→ **EXERCISE DETAILS**:
With pictures left out, output exactly the lines of the listing below from the line that has "From a linguistic" to the line that has "Each leaf measures", both lines kept.

→ **SUPPLIED RECORDS**:
= Beginning of Section =

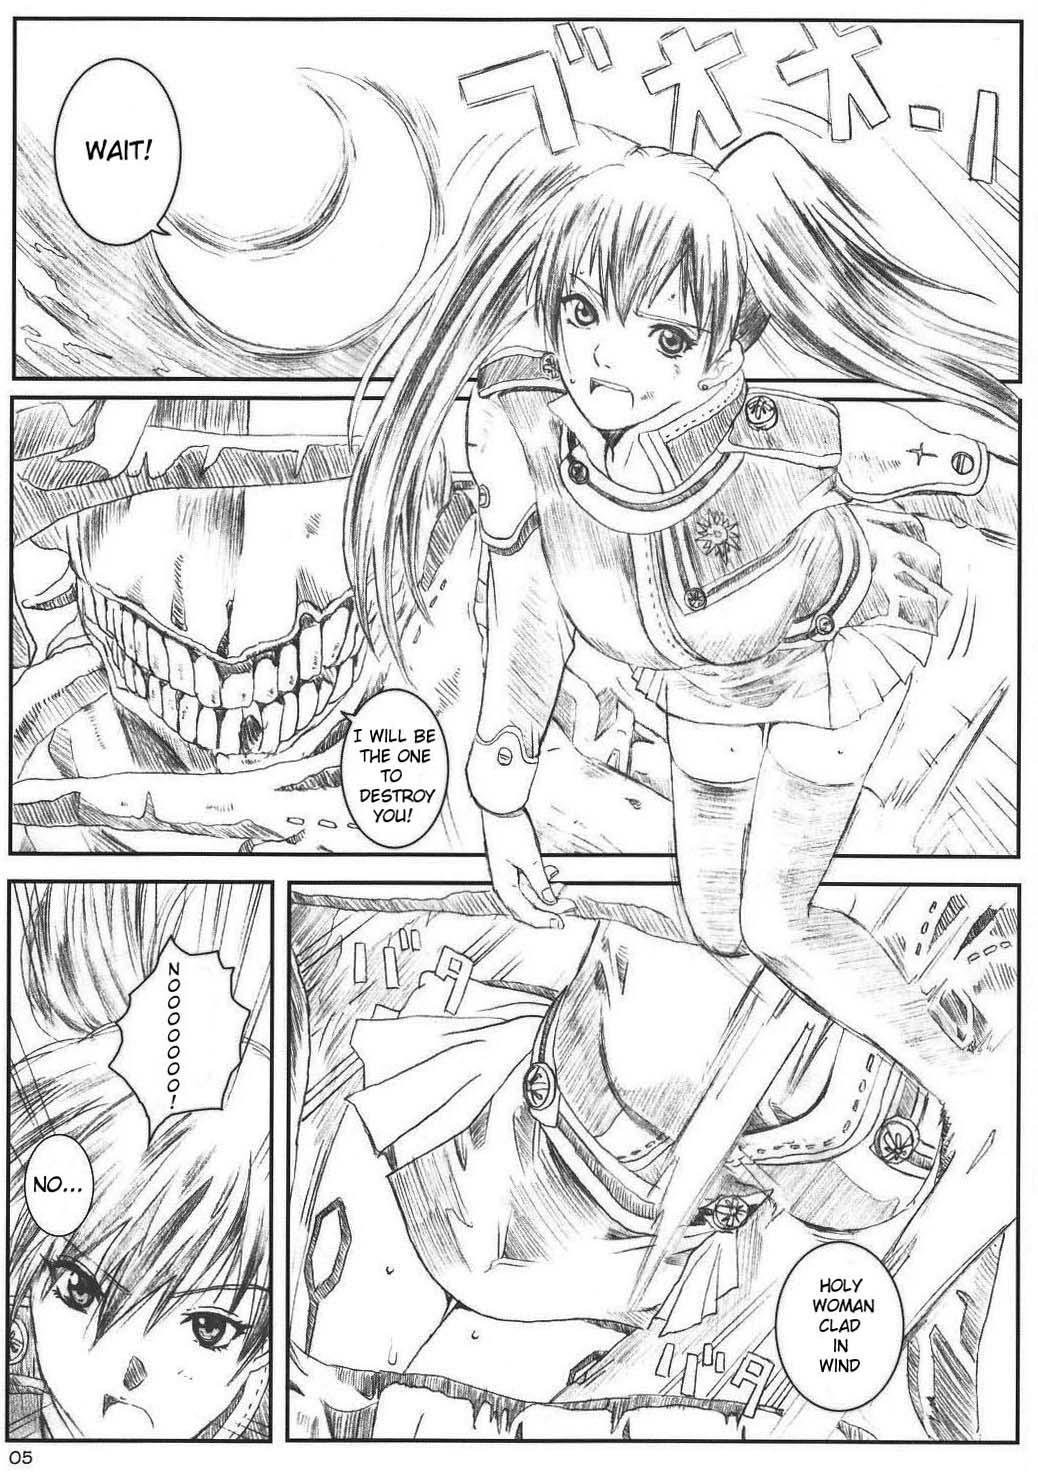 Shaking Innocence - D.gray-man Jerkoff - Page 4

= End of Section =
= Beginning of Section =

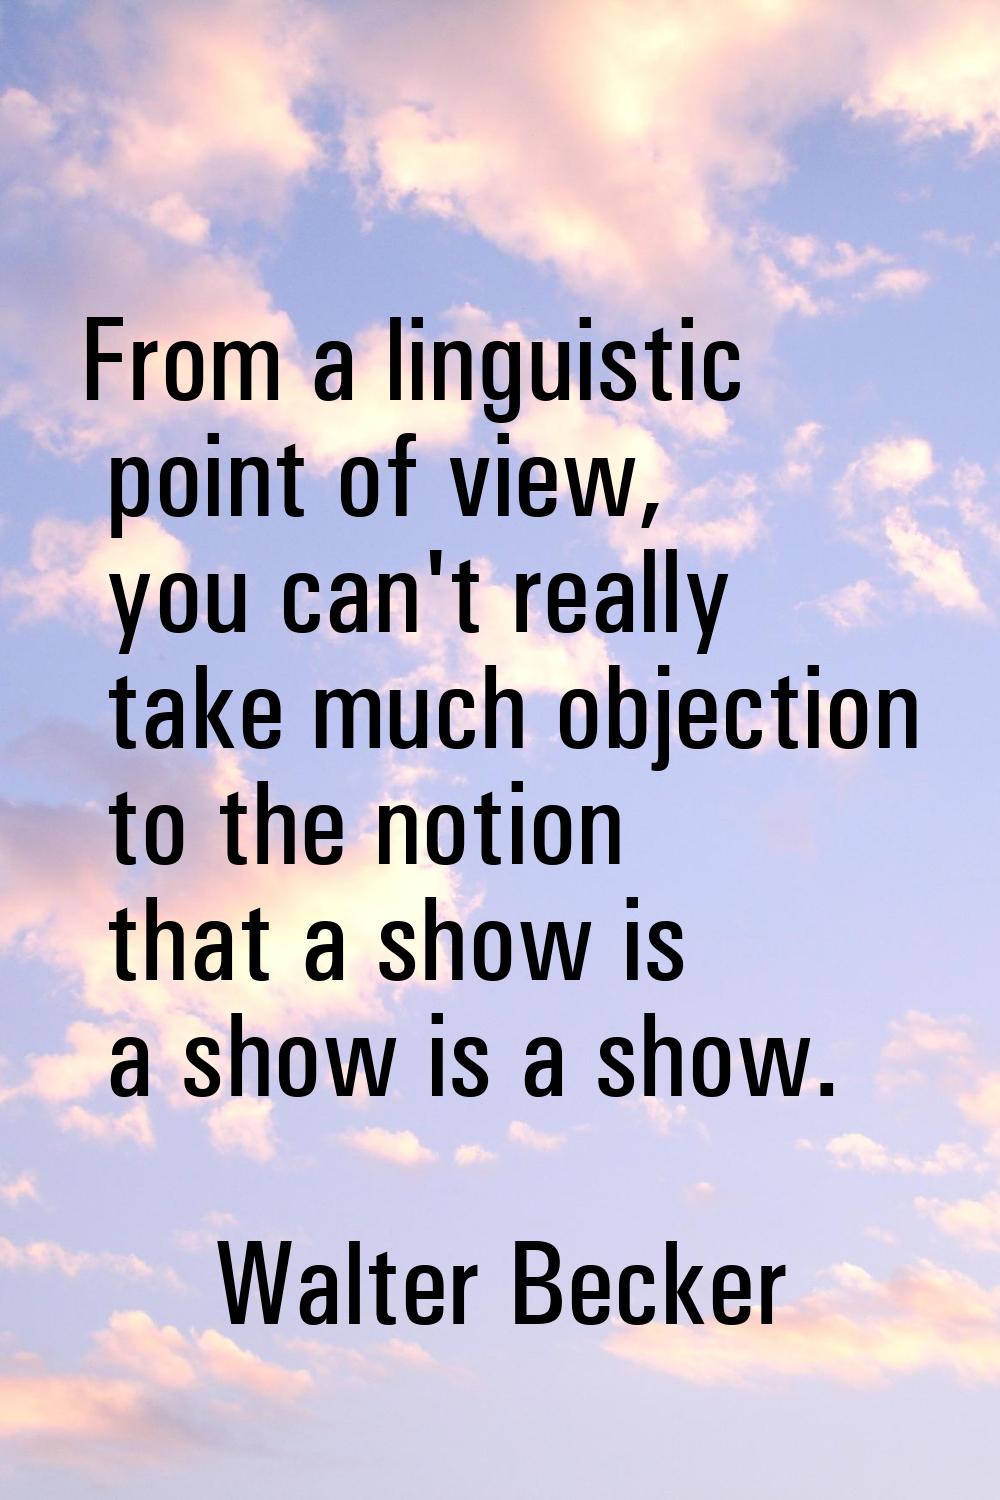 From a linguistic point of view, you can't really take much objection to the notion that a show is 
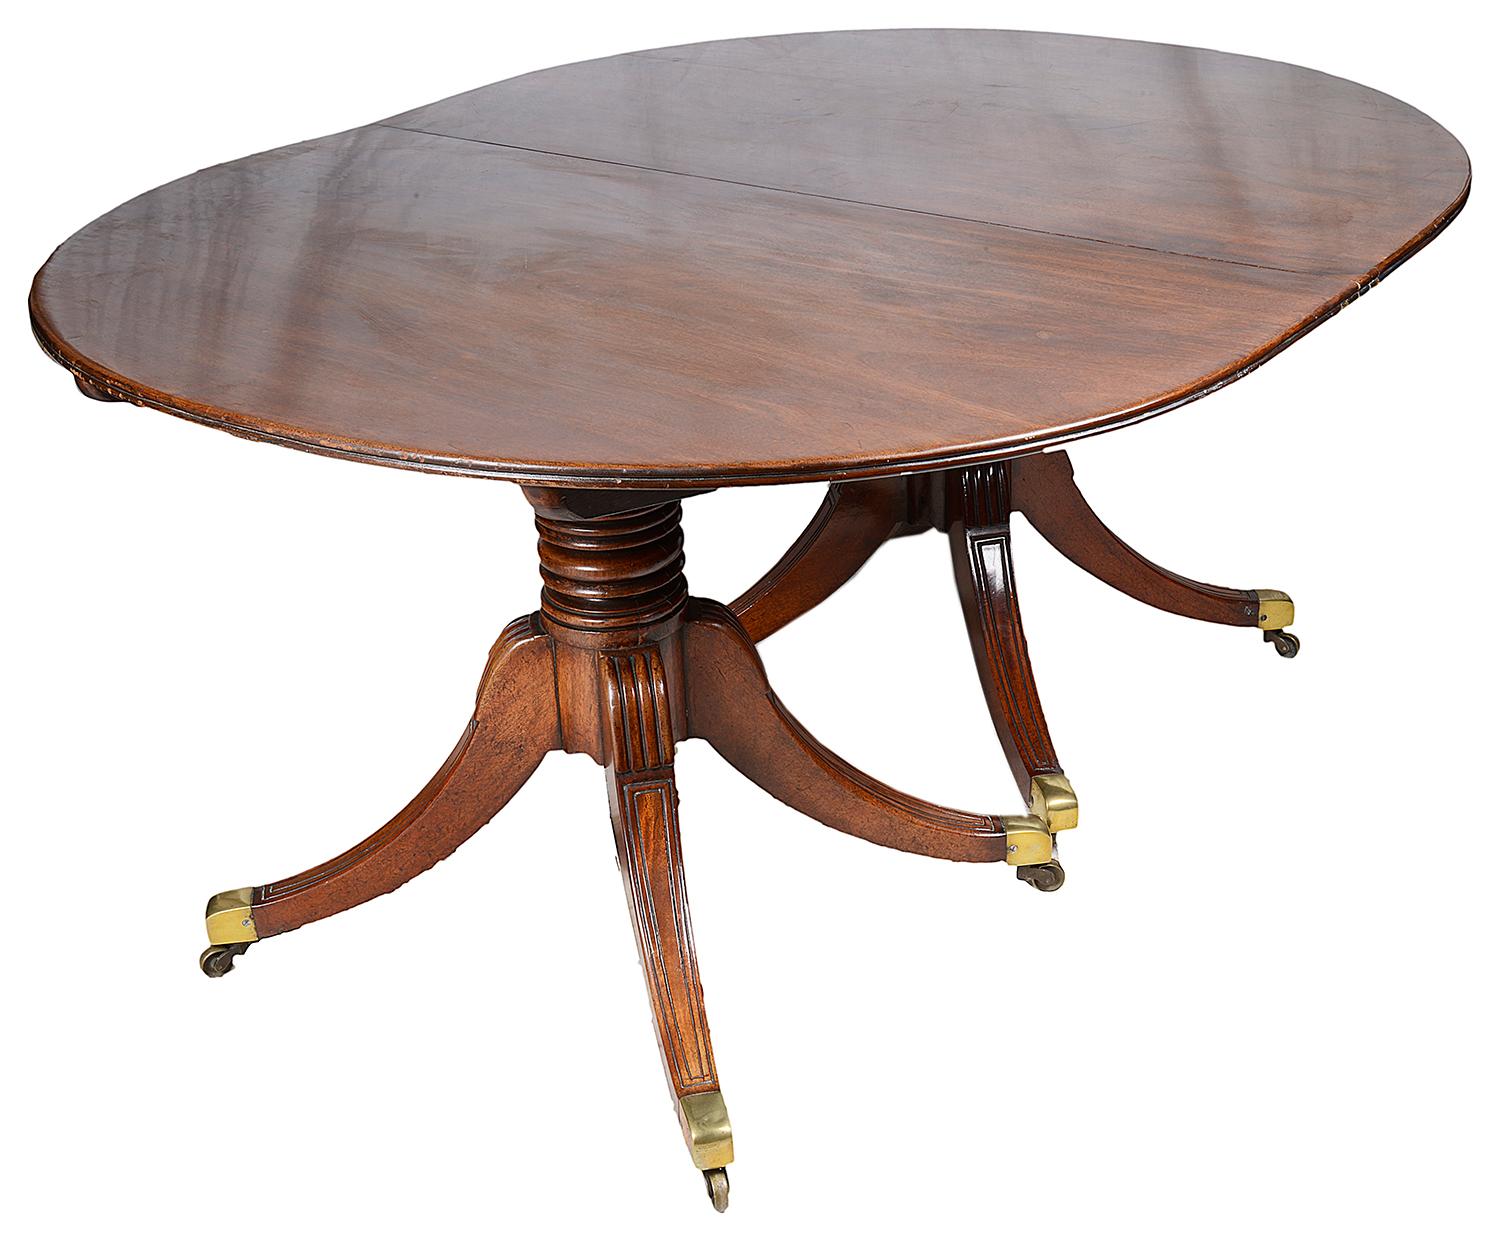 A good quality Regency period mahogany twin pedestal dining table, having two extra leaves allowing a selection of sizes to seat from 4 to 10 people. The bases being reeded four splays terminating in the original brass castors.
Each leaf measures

= End of Section =

→ **FINISHED EXERCISE**:
 From a linguistic point of view, you can't really take much objection to the notion that a show is 
 A good quality Regency period mahogany twin pedestal dining table, having two extra leaves allowing a selection of sizes to seat from 4 to 10 people. The bases being reeded four splays terminating in the original brass castors.
Each leaf measures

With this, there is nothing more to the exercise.